La presencia de los dos Moyano en la audiencia realizada en la Secretaría de Trabajo, a quienes se sumó otro miembro del clan familiar como Jerónimo, el hijo menor del jefe sindical, se convirtió en un símbolo de la reconciliación definitiva entre Hugo y Pablo luego de 4 años y 9 meses en los que hubo tensión, cruces, hostilidades mutuas y episodios de violencia entre partidarios de ambos dirigentes.

Fuentes empresariales revelaron a Infobae que en la reunión de este viernes Pablo Moyano tuvo una intervención destacada y fue “agresivo” con sus interlocutores mientras su padre procuraba negociar. Es lo mismo que sucedía antes de la disputa familiar, pero ahora el díscolo hijo, que adopta un perfil combativo, igual terminó firmando un acuerdo salarial por debajo de la inflación, como quiere el Gobierno.
Desde que se peleó a los gritos con su padre, Pablo Moyano dejó de ir al sindicato, mantuvo un perfil muy bajo y permaneció atrincherado como presidente del Club Deportivo Camioneros. Reapareció a fines de enero pasado con una maratón de 14 reuniones con dirigentes y delegados, entrevistas con tres radios y la declaración de un paro por tiempo indeterminado. Fue todo un récord para un dirigente que hasta marzo pasado había desaparecido de la vida sindical activa.
Ahora, la recuperación de los espacios perdidos de Pablo lo pone en una ubicación privilegiada en la estructura sindical en medio de signos de declinación del poder de Hugo Moyano, que ya no es lo que era en su etapa de esplendor, en el gobierno de Néstor Kirchner.

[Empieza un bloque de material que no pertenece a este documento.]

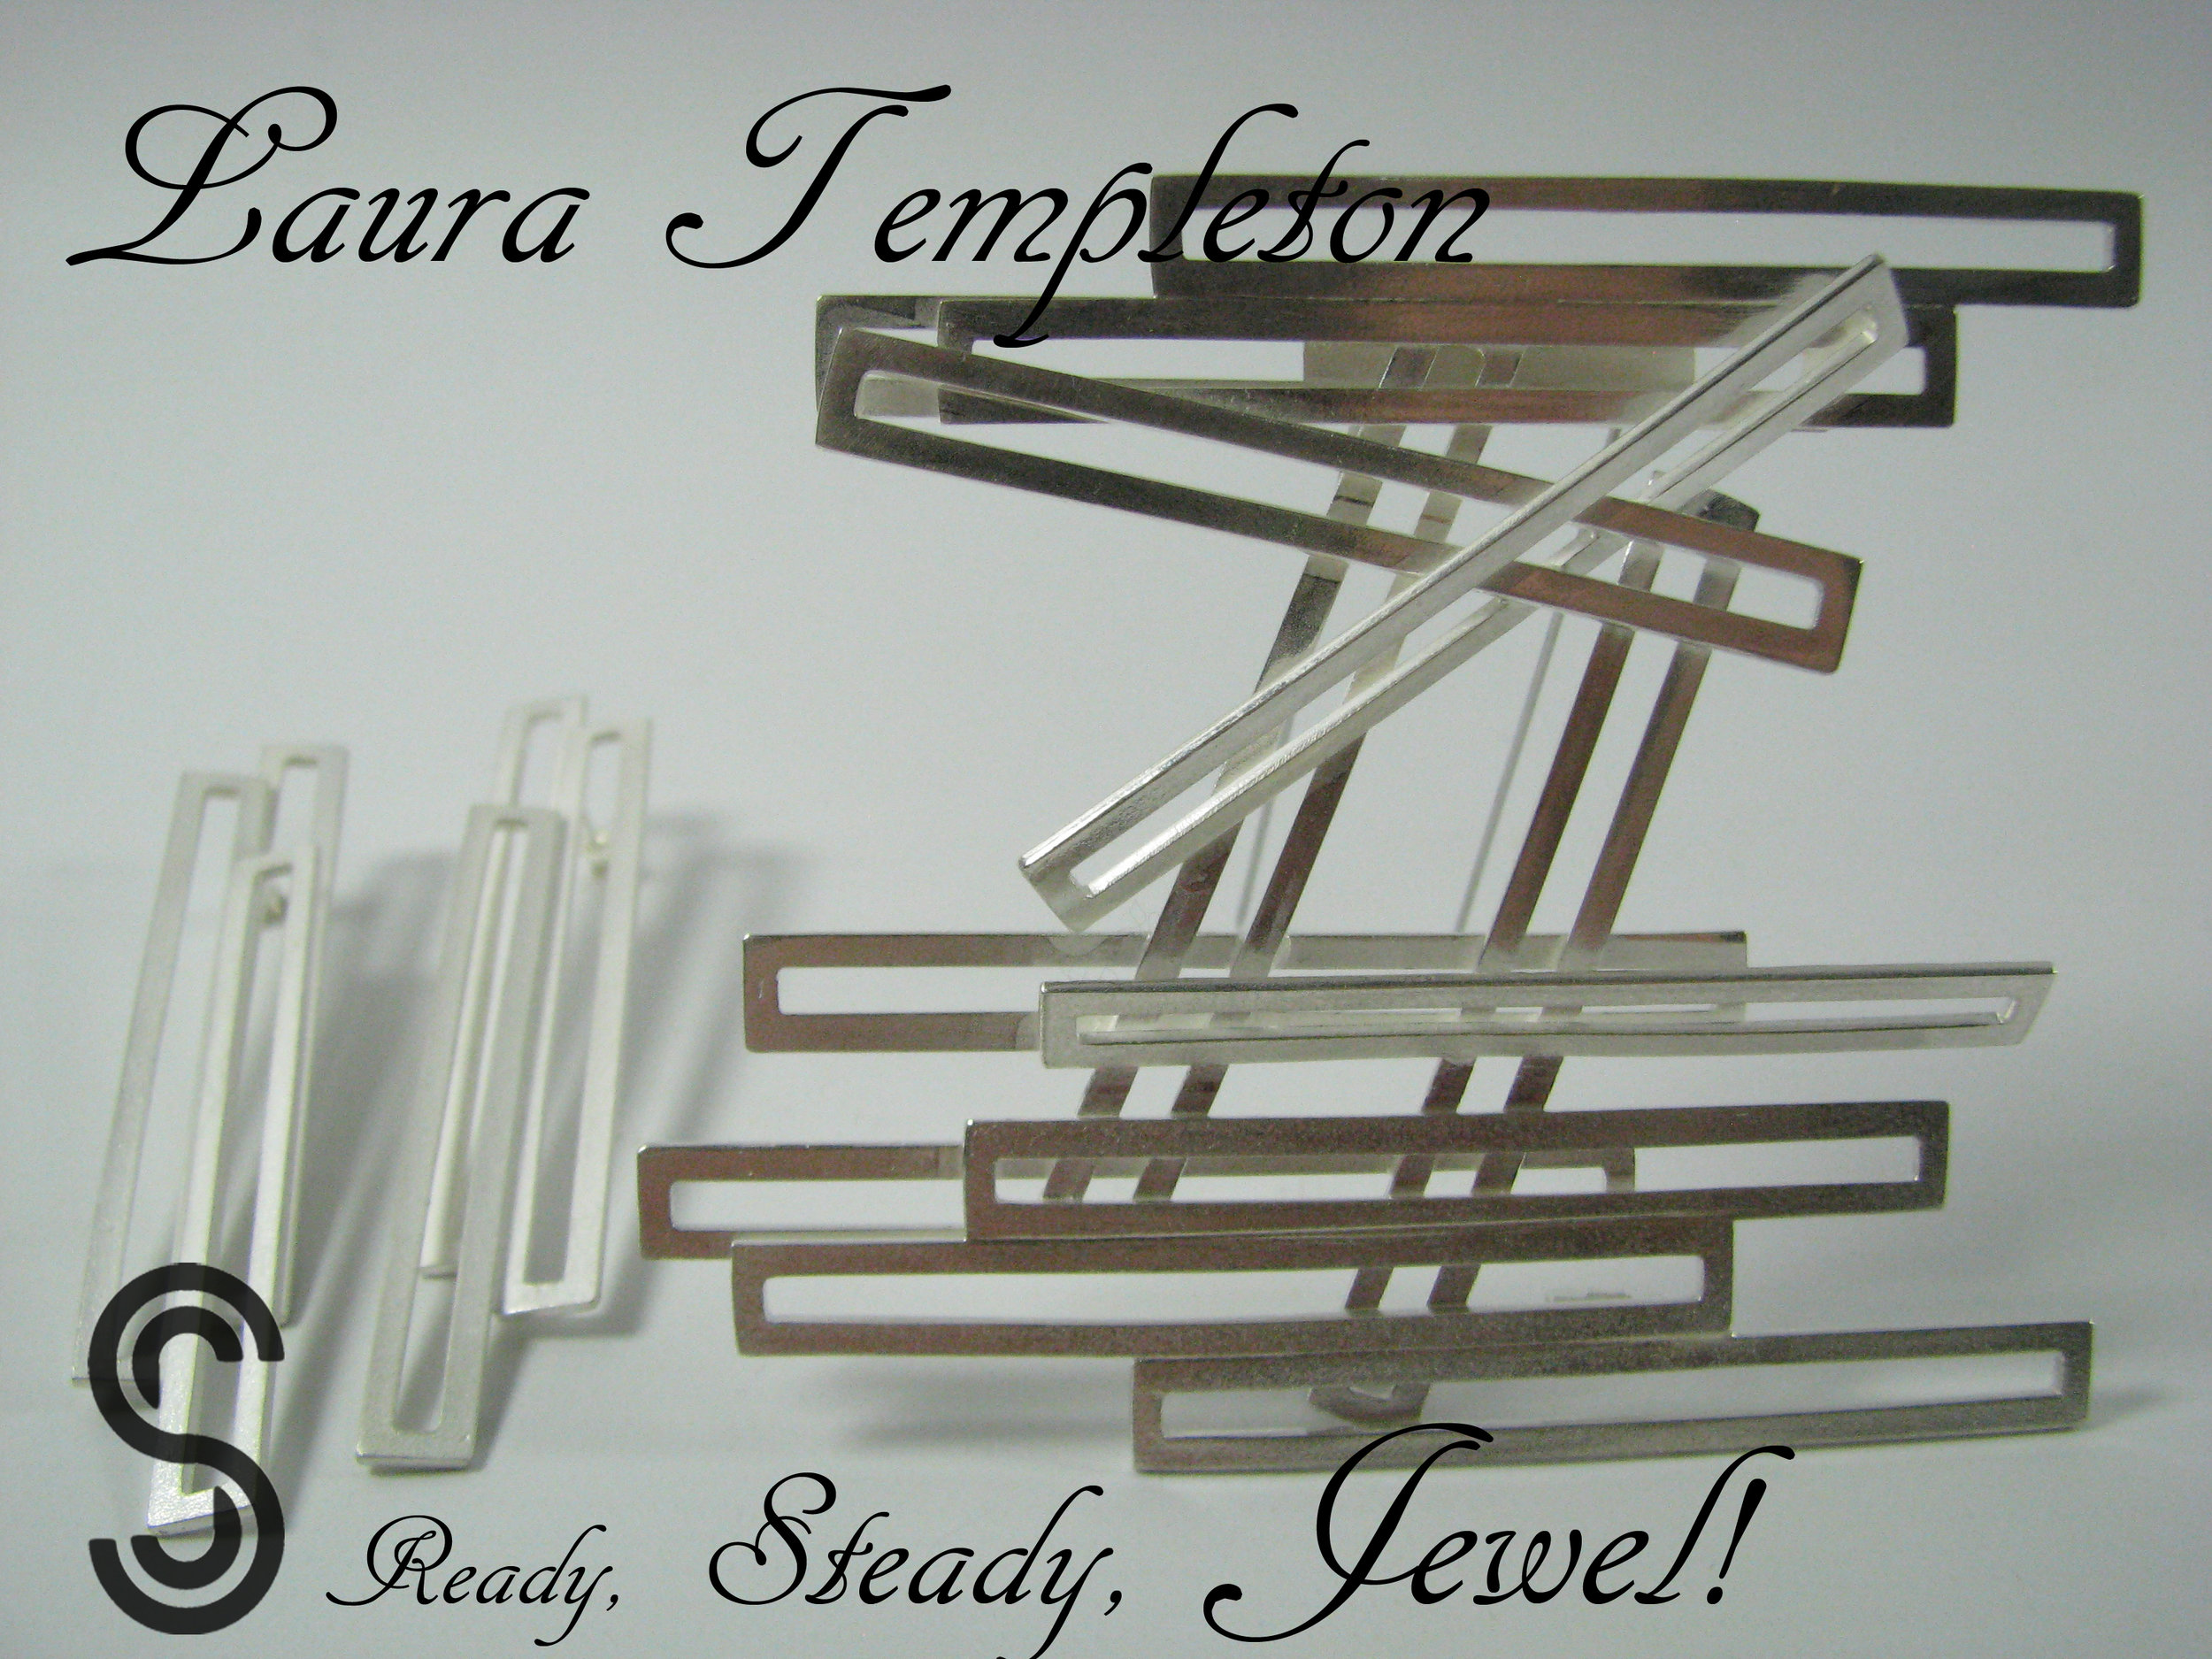 Laura Templeton.jpg
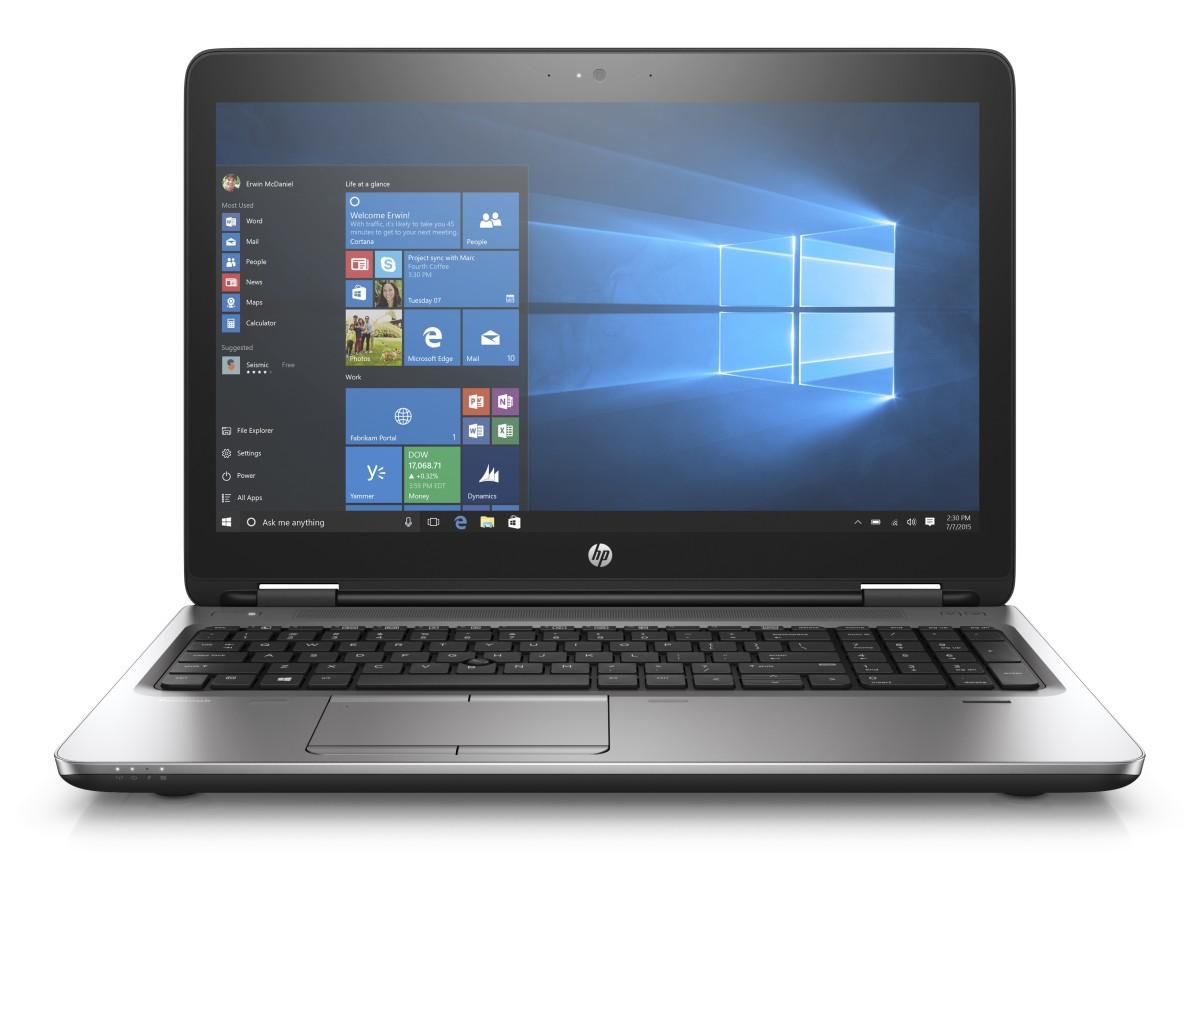 HP ProBook 650 G3 i5-7200U / 8GB / 256GB SSD TurboG2 / 15,6'' FHD / Win 10 Pro
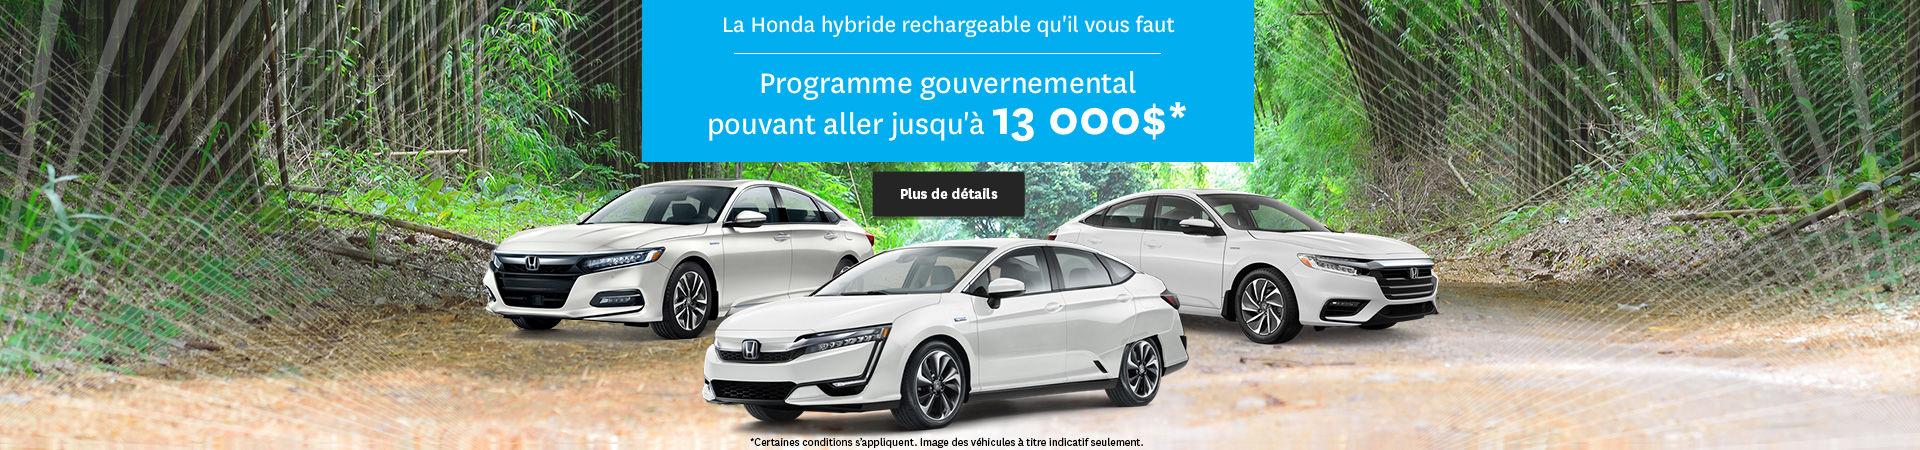 La Honda hybride ou branchable qu'il vous faut

Tal como quedó el tablero de control de Camioneros, será difícil que el heredero natural del viejo líder no sea Pablo Moyano. No hay otro candidato a quedarse con el puesto cuando no esté su papá y con la reconciliación familiar ya se disipa la posibilidad de que surja un “tapado” que pueda frenar el ascenso del hijo mayor de Hugo.
Entre los empresarios del transporte automotor de cargas dan por sentado que Pablo volvió para quedarse en el trono de su papá cuando éste deje su puesto, pero algunos creen que esta versión de “Pablito” no es tan virulenta como la anterior a su alejamiento.
No por nada, el propio Hugo Moyano criticó a su hijo mayor en septiembre de 2025 cuando, en el Comité Central Confederal de la CGT, poco antes del congreso que eligió sus nuevas autoridades, afirmó: “Uno de los secretarios generales se retiró de la CGT. Ustedes deben recordarlo. Yo lo recuerdo. Mi hijo Pablo. ¿Por qué? Porque tiene… tenía una forma poco… No digo violenta, pero un poco más dura porque no entendía que había cambiado esta sociedad y que había cambiado de otra manera». Así justificó haber elegido para sucederlo en el triunvirato a Octavio Argüello, fiel soldado hugomoyanista.

¿Quiere decir que Hugo cree que Pablo ya entendió cómo cambió la sociedad y por eso lo perdonó? Cerca del líder son cautos, aunque admitieron que “a Hugo no le quedó espacio para maniobrar sin Pablo” y pusieron como detonante la paliza que una patota sindical le dio a Gustavo Ferreyra, ex delegado del Sindicato de Camioneros en la empresa de recolección de residuos Urbasur: quien piloteó el ataque de 10 personas, y participó de él, fue José “Teta” Garnica, secretario de la rama de recolección de residuos del gremio y dirigente de confianza de Hugo Moyano, que fue forzado a renunciar a la empresa para mitigar el escándalo, dejó la actividad gremial y, por ende, dejó debilitado a su líder.
Hoy, después de tanta pelea, Hugo y Pablo ya no temen mostrarse juntos compartiendo los mismos espacios e incluso, a diferencia de otras épocas en las que el papá apoyaba a Alberto Fernández y el hijo a Cristina Kirchner, tienen otra coincidencia: los dos apoyan a Axel Kicillof como candidato presidencial del peronismo en 2027.